チョコレート,ナツメグ,バニラ,薬くさい ― これらは,ワインの味を描写するのにワイン職人が用いる,創意に富む表現の一部です。これらの複雑な香りは何によって作り出されるのでしょうか。ブドウの品種,土壌の性質,天候などが絡み合っています。それだけではありません。ワインの香りや風味を左右する要素は400余りに及び,とりわけ1世紀以降に醸造家が特に加えた要素があります。その特別なものとは,木材です。木材なら何でもよいわけではなく,ホワイトオークとして知られる種類が用いられます。

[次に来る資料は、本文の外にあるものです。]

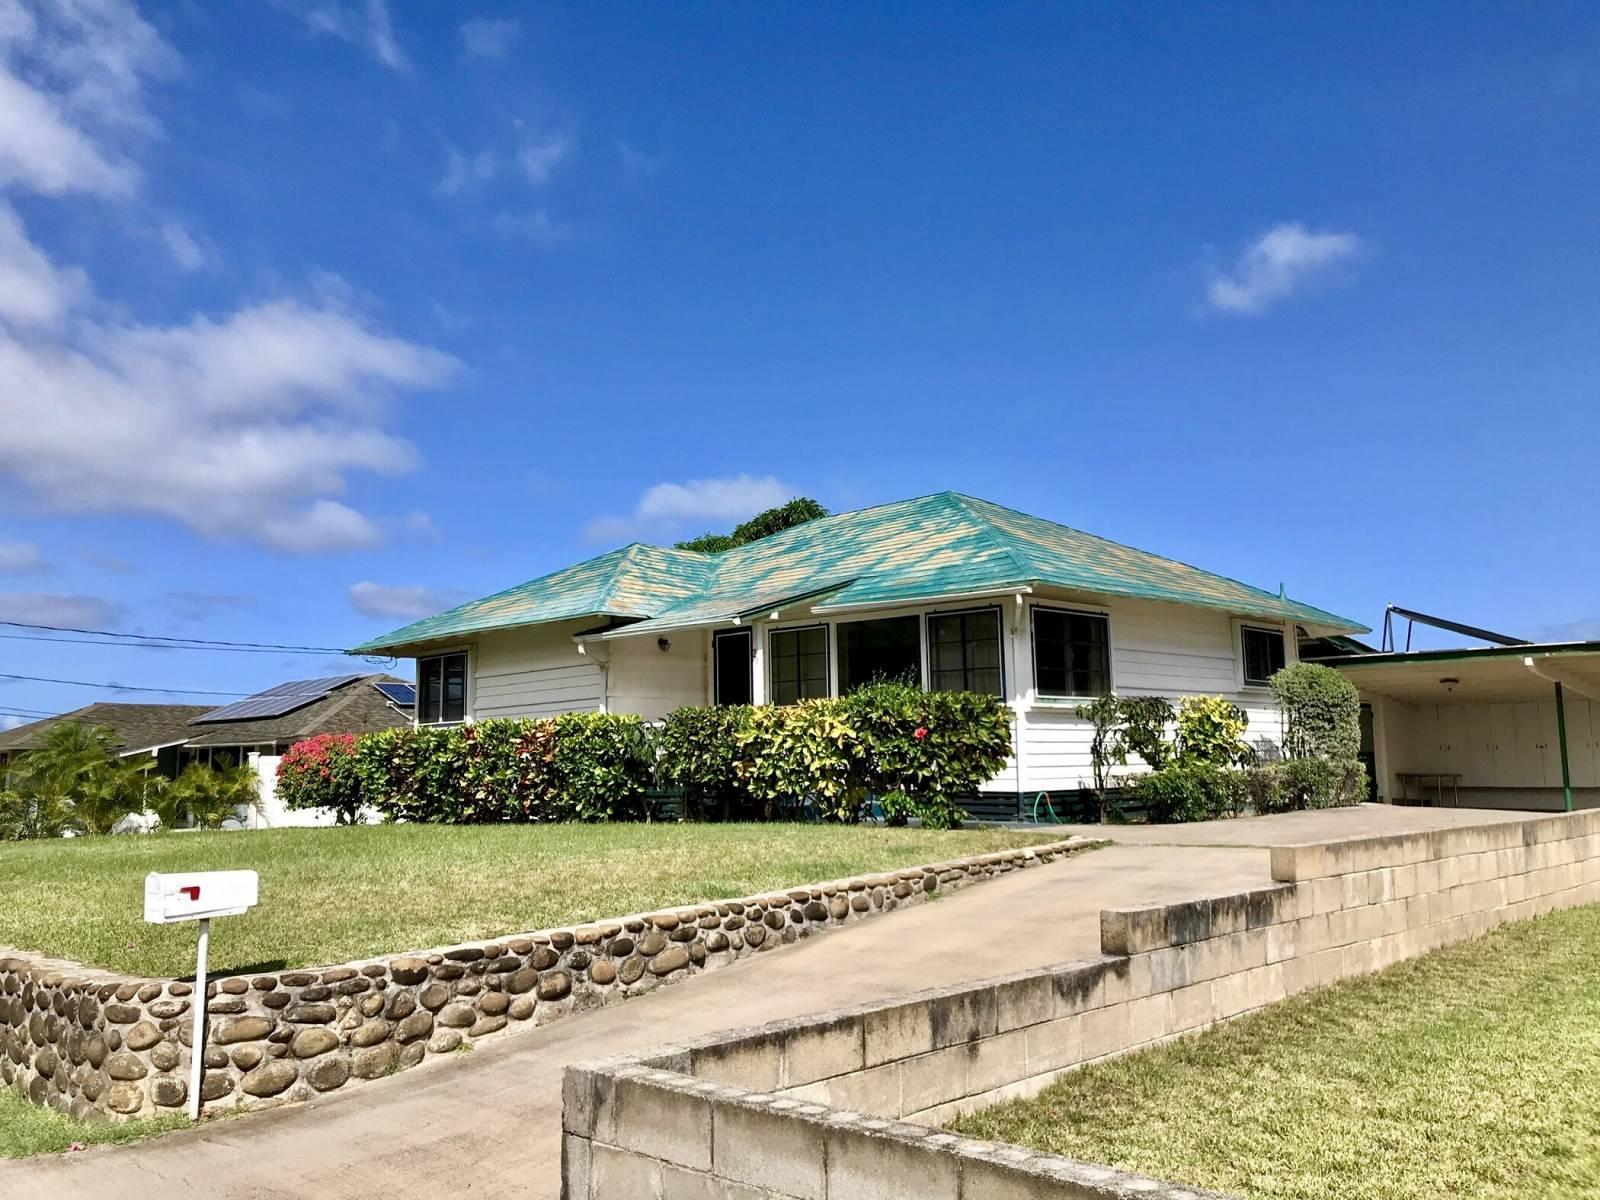 Tips for Buying an Older Maui Home - Hawaii Real Estate ... Hawaiian Sugar Plantation Home Plans on hawaiian cottage floor plans, hawaiian bungalow plans, hawaiian style homes floor plans, hawaiian style house plans, hawaiian home building plans,

ワインと木材はどんないきさつでかかわりを持つようになったのでしょうか。上質のワインを作る人がオーク材を好むのはなぜでしょうか。

皮や土器から木材へ

人間は歴史に記録されているとおり,ごく早い時期にワインの作り方を知りました。(創世記 9:20,21)ワインは,ブドウの果汁を土器や皮袋に入れ,その中で発酵させて作られました。キリストの時代まで,貯蔵や運搬には皮袋や土器を用いるのが普通でした。(マタイ 9:17)しかしこのころから,ワインの貯蔵や運搬のための別の手段が普及しはじめました。

1世紀の歴史家 大プリニウスは,ガリア(現在のフランス)に住む職人たちが,材木の成形・接合による樽作りの方法を考案したことを記録しています。クーパーと呼ばれる樽職人たちは,樽作りに必要な技術を後世に伝えてゆきました。ワインや油など液体を入れる精度の高い“タイト・バレル”や,液体以外に用いられる“スラック・バレル”も作られました。後者は,小麦粉や釘などの運搬にうってつけです。物資の運搬が人や家畜の力に依存していた時代に,樽の発明は大きな前進となりました。なぜでしょうか。

画期的な技術

胴が膨らんだ樽は頑丈で,しかもタイヤのように転がせます。四角い木箱に重量物を詰めると,数人がかりで,あるいは動物を使って運ばなければなりませんが,樽の場合は同じ重さでも,一人で転がして扱うことができます。樽は土製の容器より丈夫で,木箱よりも扱いやすいことから,これまで何世紀にもわたって,さまざまな物資の取り引きに大いに利用されてきました。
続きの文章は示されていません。